PROJECT SUMMARY/ABSTRACT Ollier disease (OD) and Maffucci syndrome (MS) are untreatable, poorly characterized, newly recognized cancer susceptibility syndromes. Their genetic bases and pathways responsible for the formation and progression of benign and malignant tumors are not known. Our long-term goal is to identify pharmacological approaches to treat bone deformities and malignant transformation in patients with OD and MS and to prevent/treat related non- syndromic forms of cancers associated with these conditions. Our central hypothesis in this application is that OD and MS are distinct under-characterized cancer susceptibility syndromes caused by variants in multiple genes that disrupt the HIF-1 pathway. The rationale for our project is that phenotypic characterization and identification of the genetic causes of OD and MS have the potential to offer a strong scientific framework whereby new pharmacological strategies to cancer therapy in these patients and patients with the non-syndromic forms of the same cancers, such as chondrosarcomas and gliomas, can be developed. The central hypothesis will be tested by pursuing three specific aims: 1) Comprehensively define the phenotypic features of patients with OD and MS; 2) Discover the causative genes and variants of OD and MS in previously uncharacterized cases; 3) Determine the effect of causative variants of OD or MS in the HIF-1 pathway. We will pursue these aims using an innovative combination of genomic and functional techniques applied to a unique set of deeply phenotyped patients.
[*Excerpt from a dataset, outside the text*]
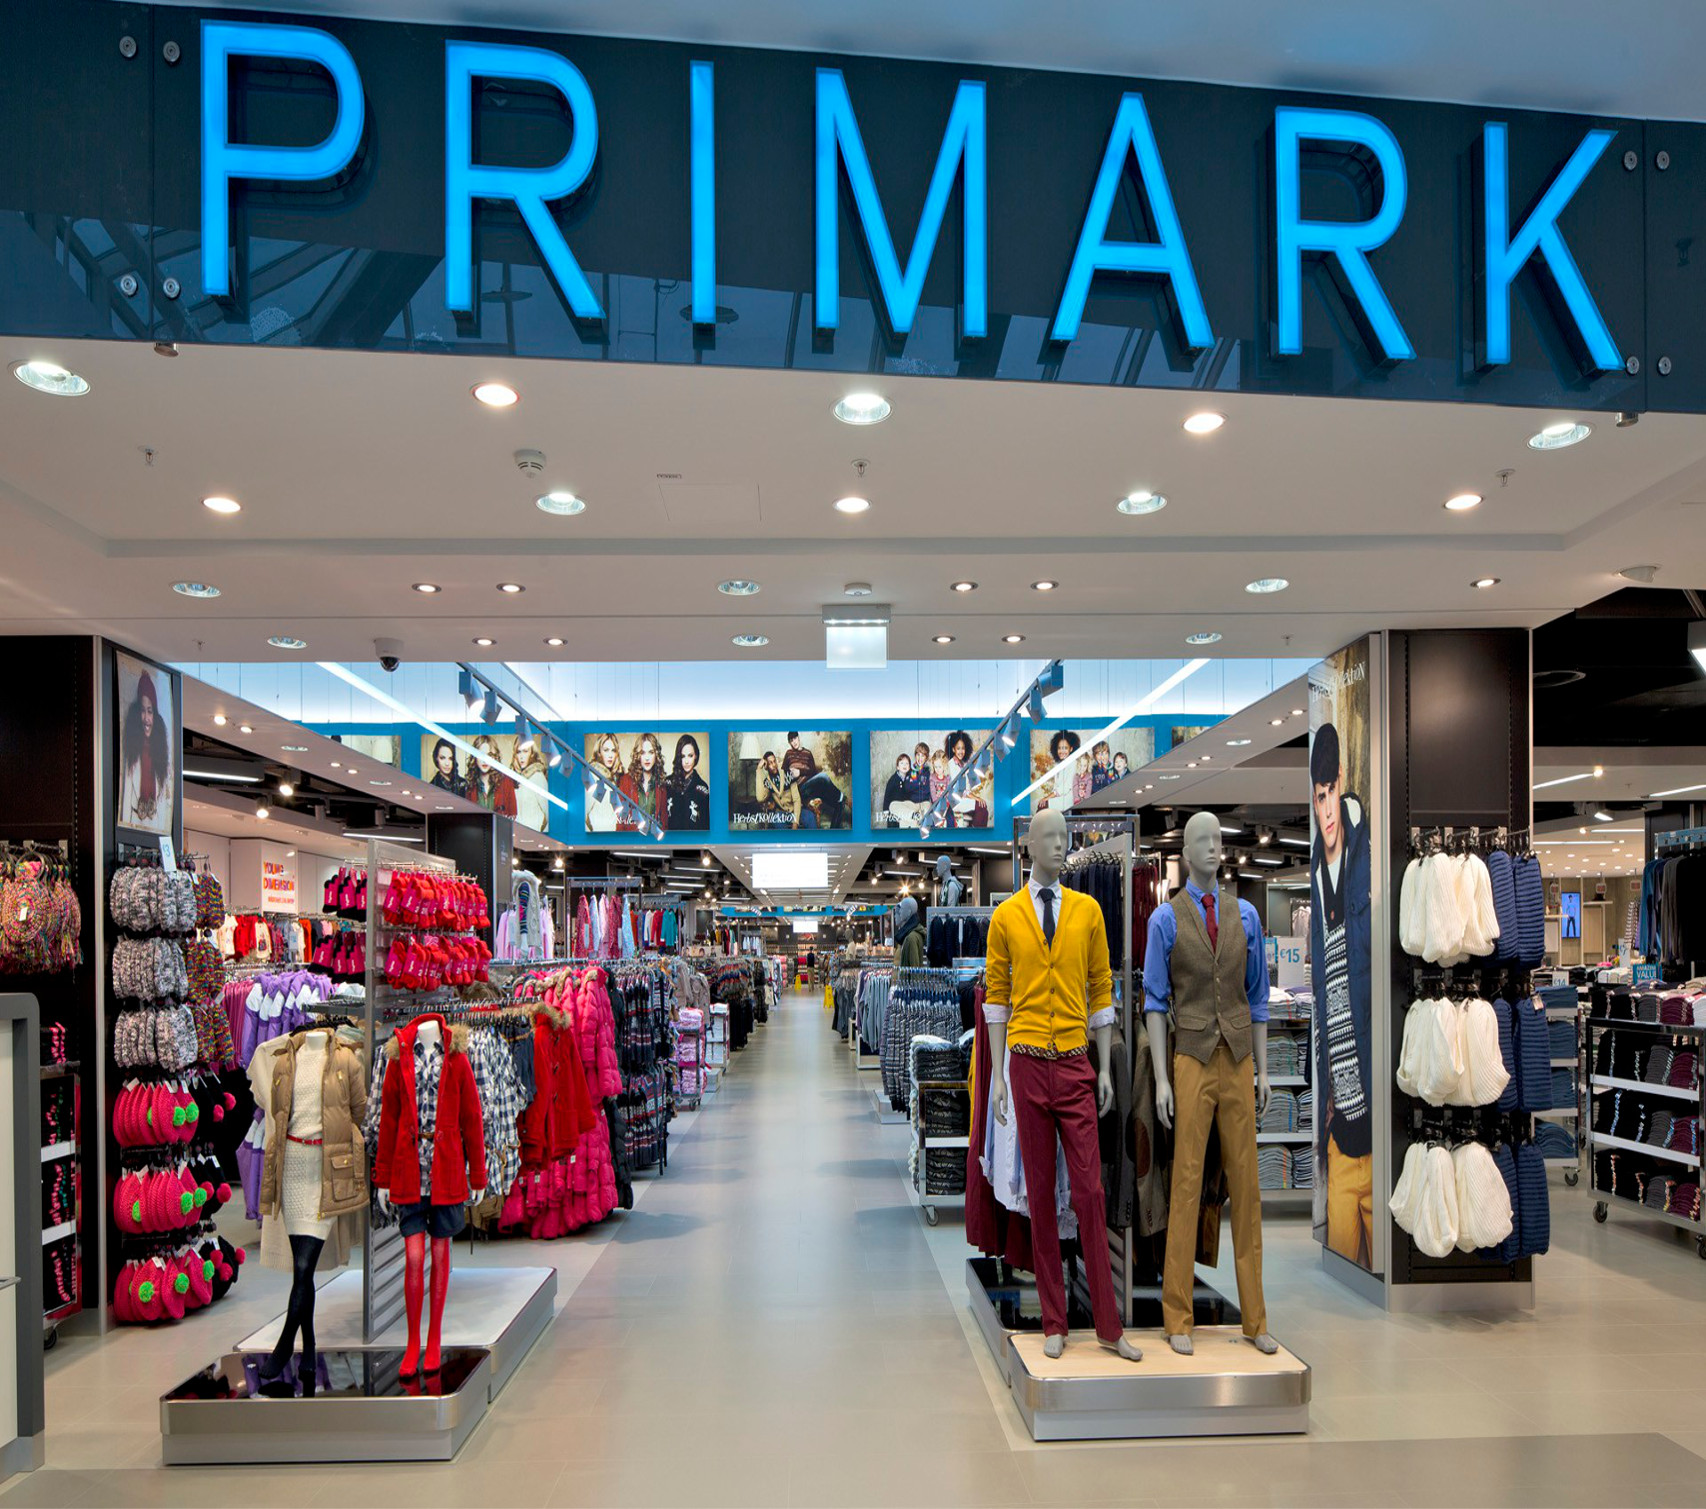 Does Primark's trade mark enjoy protection in South Africa?
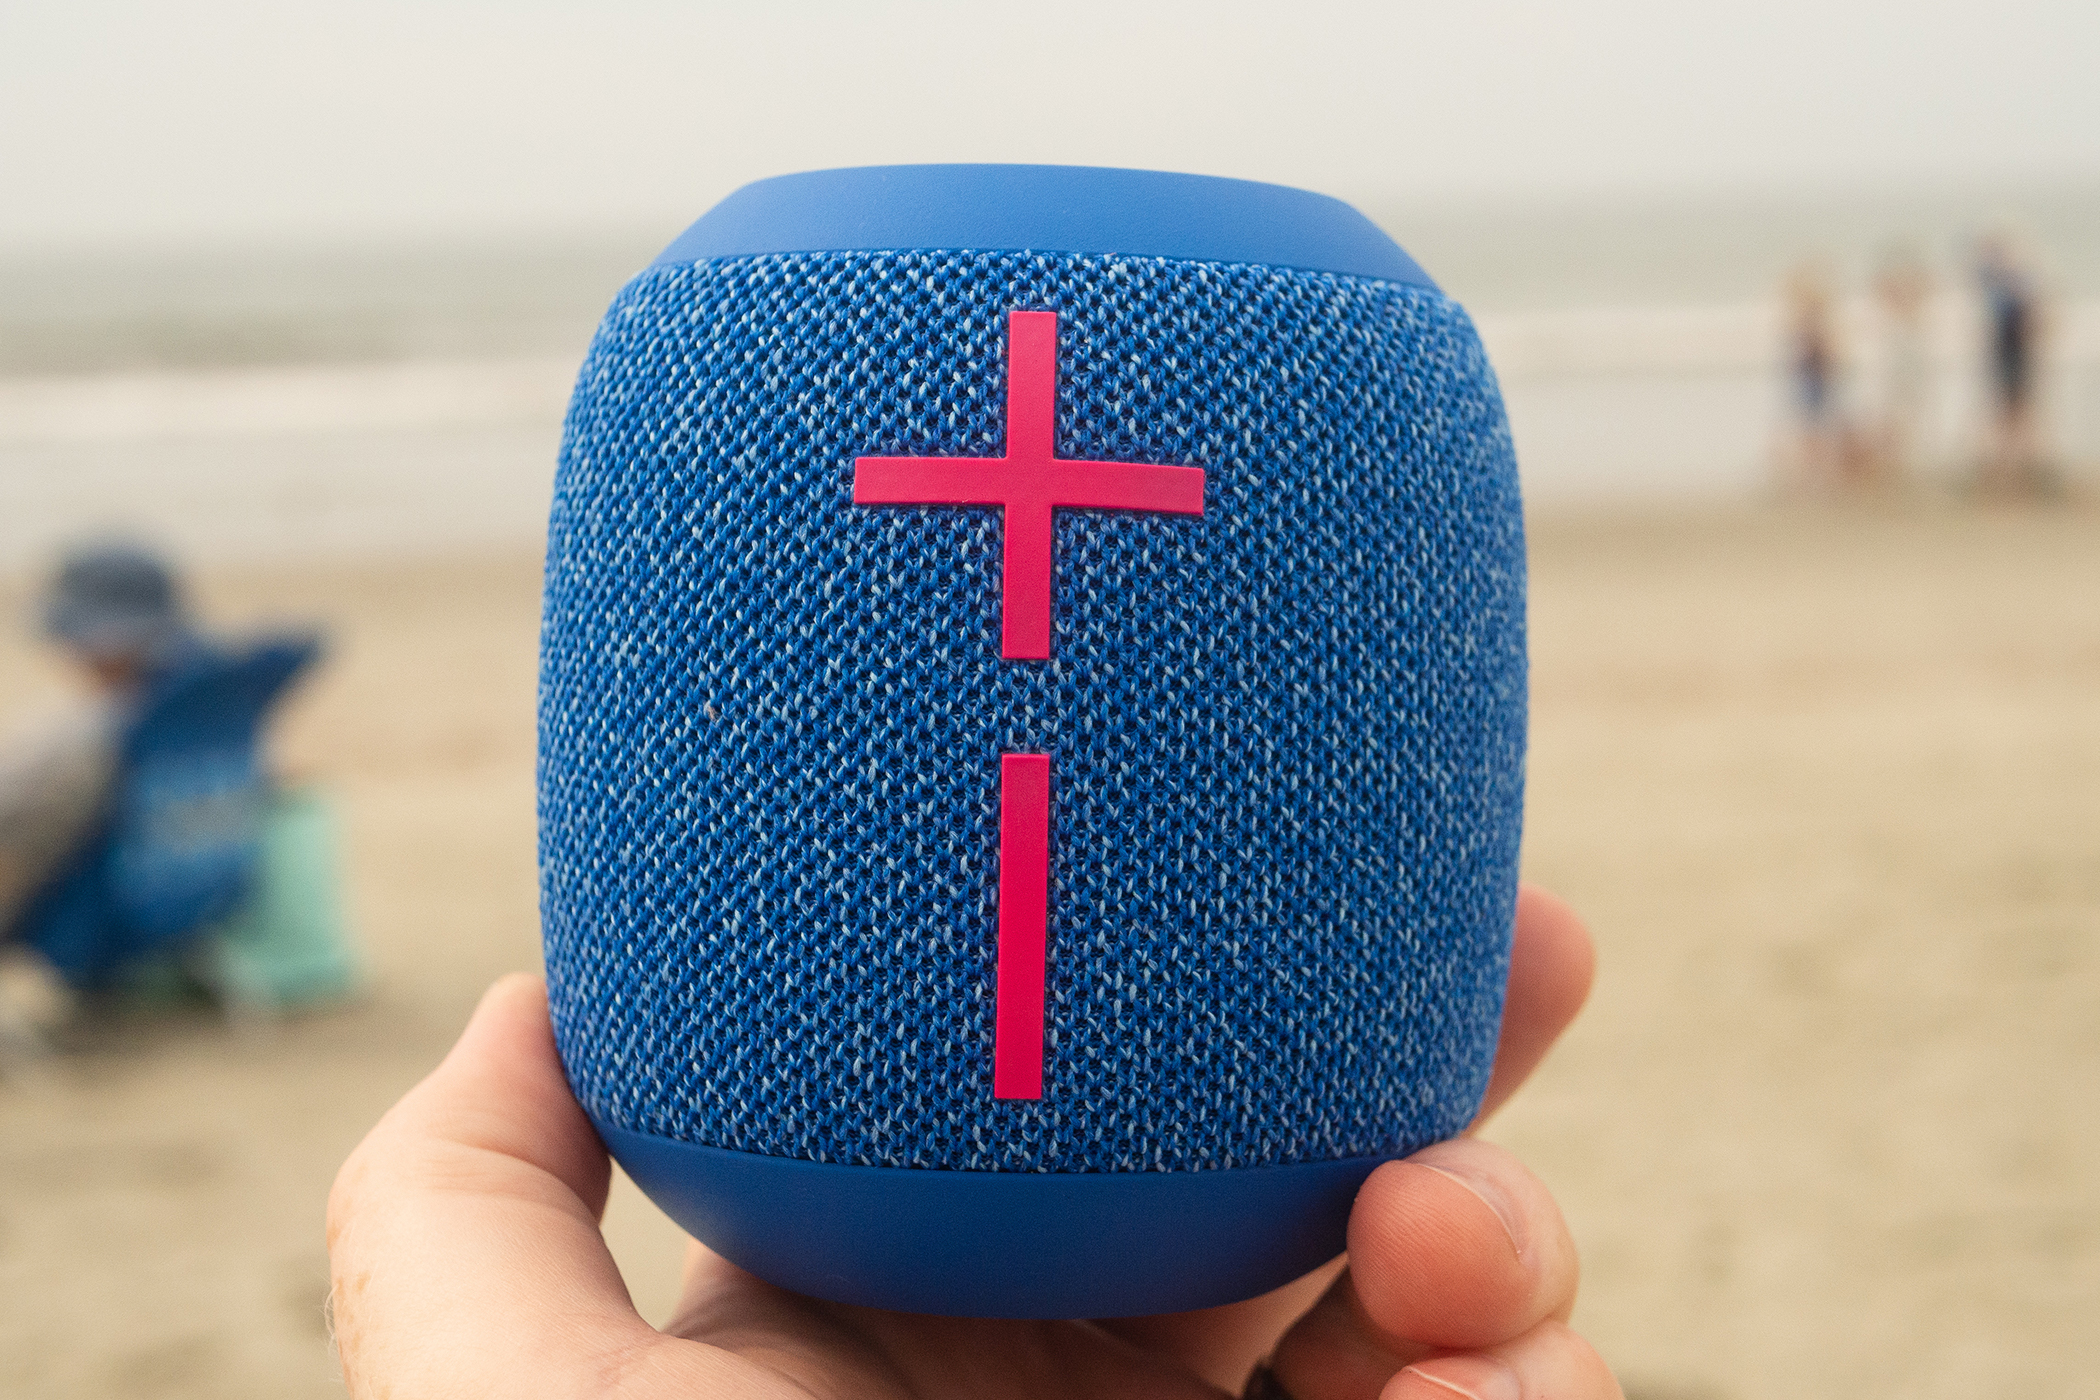 Ultimate Ears Wonderboom 3 Review: Third time the charm?

The proposed research is significant because it will: 1) Define the natural history of novel cancer susceptibility syndromes; 2) Establish a unique OD and MS germline and tumor sample collection for research use; 3) Identify the genetic bases of untreatable cancers, and; 4) Determine the role of the HIF-1 pathway in OD and MS. Our expected outcomes are to define the responsible variants and genes that cause benign and malignant tumor formation in OD and MS and to fully elucidate the phenotypic features and natural history of these disorders. Our results will have an important positive impact providing new opportunities for the development of novel pharmacological therapies to treat patients with these diseases as well as those with related non-syndromic forms of cancers such as of chondrosarcomas and gliomas.

项目总结/摘要 Ollier病（OD）和Maffucci综合征（MS）是一种无法治疗的、特征不明确的、新发现的癌症 易感综合征它们的遗传基础和途径负责的形成和发展， 良性和恶性肿瘤尚不清楚。我们的长期目标是确定药理学方法， 治疗OD和MS患者的骨畸形和恶性转化，并预防/治疗相关的非骨关节炎， 与这些病症相关的癌症的综合征形式。我们在本申请中的中心假设是， OD和MS是不同的未充分表征的癌症易感性综合征，由多个基因的变异引起。 破坏HIF-1通路的基因。我们项目的基本原理是， 确定OD和MS的遗传原因有可能提供一个强有力的科学框架 由此，在这些患者和患有非综合征的患者中的癌症治疗的新药理学策略 可能会出现相同形式的癌症，例如软骨肉瘤和神经胶质瘤。核心假设 将通过追求三个具体目标进行测试：1）全面定义患者的表型特征 与OD和MS; 2）发现致病基因和变异的OD和MS在以前未表征的 3）确定OD或MS的致病变体在HIF-1通路中的作用。我们将继续努力， 目的是利用基因组和功能技术的创新组合，应用于一组独特的深入研究。 表型患者。本文的研究意义在于：1）界定小说的自然史 癌症易感综合征; 2）建立独特的OD和MS种系和肿瘤样本收集， 研究用途; 3）确定无法治疗的癌症的遗传基础; 4）确定HIF-1的作用 我们的预期结果是确定导致OD和MS的负责变异和基因。 良性和恶性肿瘤形成的OD和MS，并充分阐明表型特征和自然 这些疾病的历史。我们的成果将产生重要的积极影响，为 开发新的药理学疗法来治疗患有这些疾病的患者以及患有 相关的非综合征形式的癌症，如软骨肉瘤和神经胶质瘤。